Председатель даже вздрогнул.

— А еще вегетарьянец, товарищ писатель! Это как же Дарью Михалну на котлеты? Это ж как меня вон или вас все равно. Она — наша гордость. Может, даже к премии приставят.

— Что ж, вы ее заслужили, — Шоу все смотрел на свинью. Она с трудом подняла голову.

— Да не нас к премии, ее, Дарьюшку! Нас-то чай много, а она одна такая.

Свинья издала протяжный стон. Тут же откуда-то со стороны бараков примчались две совсем юные девчушки, вдвоем они тащили здоровенное ведро с дурно пахнущим месивом. Осторожно отодвинув щеколду, они втащили ведро в загон, вывалили содержимое в корыто и метнулись назад — но свинья оказалась проворнее. Вновь подскочив с невообразимой для такой туши прытью, она разбежалась и тупым рылом боднула зазевавшуюся девчонку пониже спины. Та с визгом повалилась на солому — солома сбилась, и под тонким слоем обнаружилось месиво из грязи и навоза.

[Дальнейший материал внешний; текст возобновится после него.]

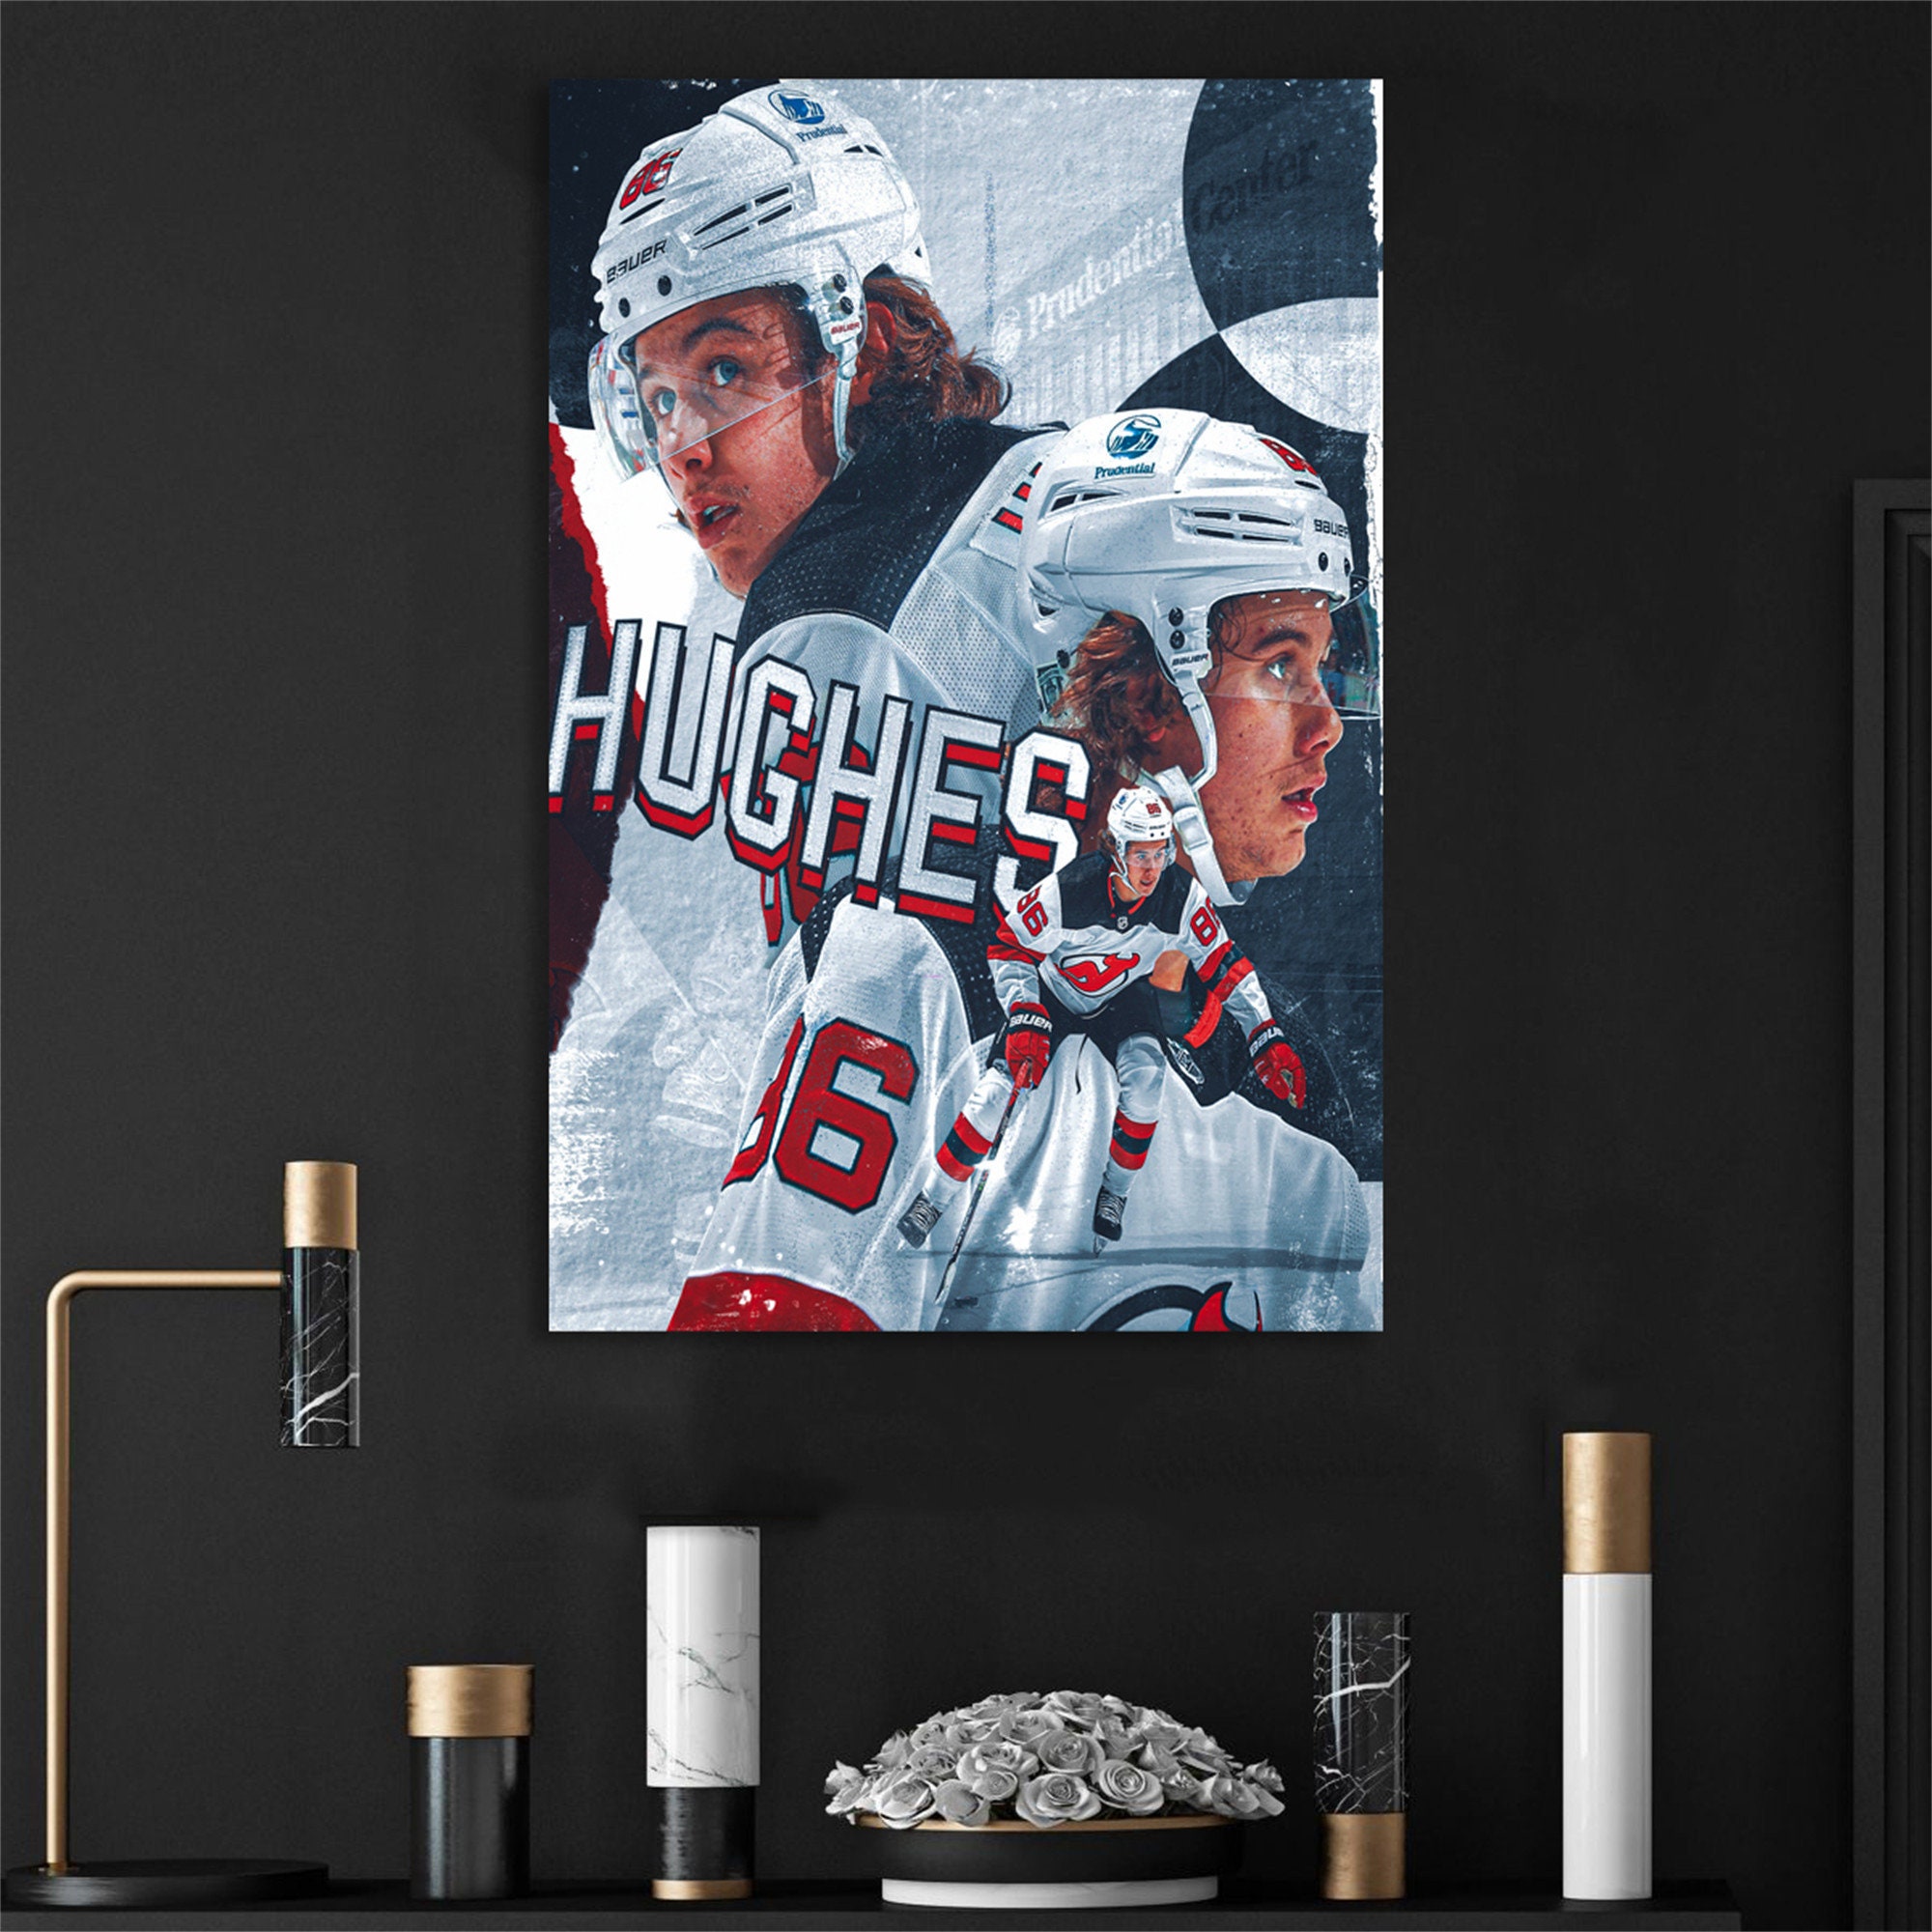 New Jersey Devils: Jack Hughes 2021 Poster - NHL Removable Adhesive Wall Decal Large

Дарья Михална невозмутимо отвернулась и, волоча брюхо по земле, вразвалку поковыляла к корыту, погрузила туда голову и стала жрать, рыча и похрюкивая.

— Георгий, почему ее так зовут? — спросил гость.

— Так Мишки Косого была свинья до коллективизации, вот и Михална. А теперь общественная.

— А где теперь хозяин?

— Сожрала, — вздохнул председатель. — Год уж как. Голодная была, так-то не тронула бы. А он к ней зашел по старой памяти, а Дарья-то привыкши, что он с кормом, а он пустой. Ну и обиделась, красавица.

Шоу посмотрел на свинью.

— Но если ни поросят, ни котлет, да еще бросается, то зачем же она… такая? — недоумевая спросил он. Лаптев оторопел.

— Да как же вы, товарищ писатель, не поймете?! Она ж вон какая! Как это зачем? Я вам так скажу: если свинья такая огромная, то и спрашивать не надо, зачем она.

И теперь наконец начал проступать смысл. В словах председателя читалась та самая разгадка, ответ на вопрос, которым задавались многие западные умы, говоря о Советском Союзе.

— Но вообще-то, — председатель понизил голос, — вообще-то, кое-что нам Дарья Михална дает.

Свинья все ела. Председатель приблизил губы к уху гостя и прошептал:

— Вы только представьте, сколько ценнейшего навоза…

Вот так и мы, подумал Шоу, но додумывать эту мысль у него не было сил. «Поговорю с Шелестовым, он поймет», — подумал он с тихой радостью.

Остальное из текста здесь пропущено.